To condense the whole matter into a sentence, Somerford Street was as bad a street as could have been found even in the Liberties of Dublin, and its inhabitants were as little like men, women, and children, as men, women, and children can ever be. It was a place which, even in its own small way, need not have been afraid to hold up its head with very much more notorious courts and lanes London is sufficiently blessed to reckon within a certain area of Charing Cross at the present day; and it was from this den, inhabited by vice and misery, that Mr. Brady’s obsequies were announced to take place.
What did it mean? Kingslough asked itself in a dull, stupid, inconsequent sort of way.

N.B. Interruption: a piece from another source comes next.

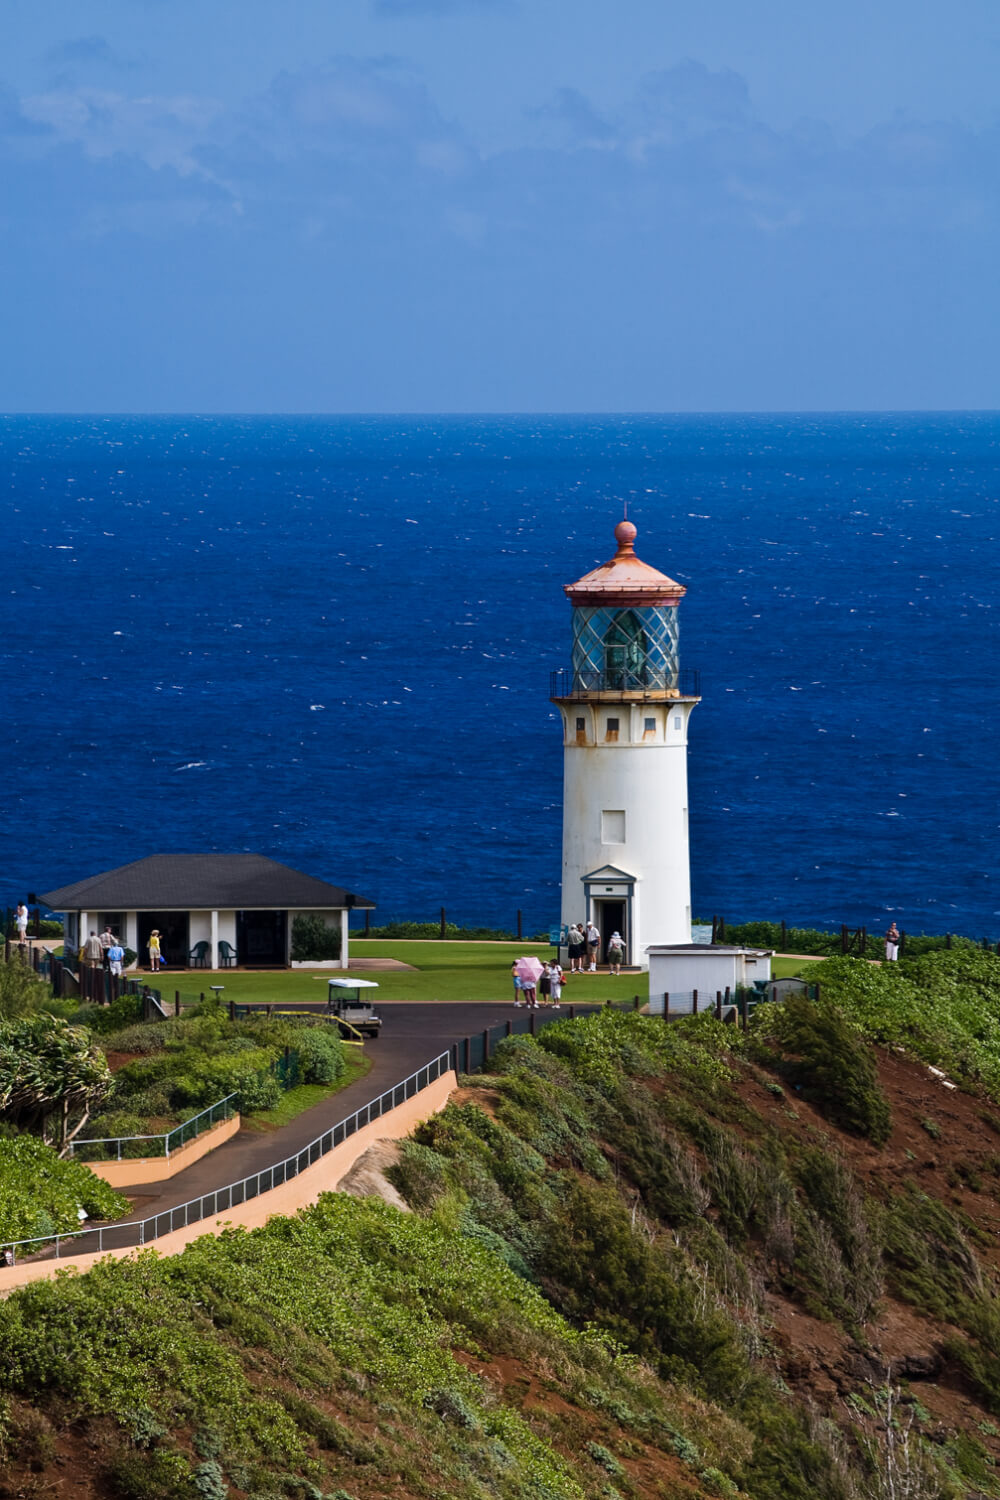 The Best 21 Free Things to do on Kauai with Kids featured by top Hawaii travel blog, Hawaii Travel with Kids: Kids will love running around Kilauea Lighthouse and looking for birds, one of the free things to do on Kauai for families

In a few hours more Kingslough knew, for over the first bills were pasted a second series so scurrilous, so profane, that nowhere out of the Isle of Saints could so scandalous a broadsheet have been produced.
They were not torn down. Decent people did not care to be mixed up in such an affair; the authorities were averse to acting in the matter without advice and consultation, and perhaps feared, as authorities in great cities have since unwisely feared, to make mountains out of molehills by premature interference.
So Kingslough read, and held up its hands, or gravely shook its head, or passed on without sign, or smiled with grim approval of the atrocious bill, or expressed its sympathy in drunken words full of significance, and looks more significant still.
It was the early summer time. Once again the crops were springing and ripening at the Castle Farm. Crops not sown this time by Amos or one belonging to him; and it was light in that northern latitude so soon in the morning, that to get out in the grey dawn almost involved sitting up during the few hours of the short night.
Nevertheless, in the grey dawn some one was astir tearing down those disgraceful placards. Slowly and calmly the sea came rippling in on the shore, closely the blinds were drawn on the Parade and in the houses of Glendare Terrace, in the east there was still not a glimpse of the rising sun, whilst rapidly and nervously the flitting figure did its work.
All at once a burly brute, who, having business far away at an early hour had risen betimes, turned a corner suddenly, and caught sight of a dark figure engaged in the work of destruction. With a whoop and a shout he rushed forward; with a shriek the woman, for it was a woman, fled.
Swift as she was he gained upon her; she left the rough pavement and sped like a greyhound along the more level road, all in vain. Panting, sobbing, she heard the thud of his heavy shoes almost at her heels, felt in imagination his hand on her shoulder, when suddenly turning the corner of a street to try to escape him, she fell almost into the arms of a third person, who, in less time than it takes me to write the words, had planted a good serviceable blow between the eyes of her pursuer, and sent him sprawling in the gutter.
“Mrs. Brady,” he said, turning to the apparition which had so suddenly greeted his vision, “what in Heaven’s name has brought you here at this time of night?”
“I—” she began in a broken husky voice, “I heard of it all and came,” at which point she gave up trying to explain, and dropped down in a heap on the nearest doorstep insensible.
“Here is a delightful complication,” thought Mr. Hanlon as he looked first at the burly brute just gathering himself together, and skulking off with a look of ineffable hate overspreading his countenance, and then at Mrs. Brady, whose light figure he supported with one hand while fumbling for his latch-key with the other.
Had the gift of second sight been vouchsafed to that clever surgeon and mistaken orator, he would have fled from Kingslough within an hour more swiftly than Lot did from the Cities of the Plain, to avoid being mixed up with the evil to come.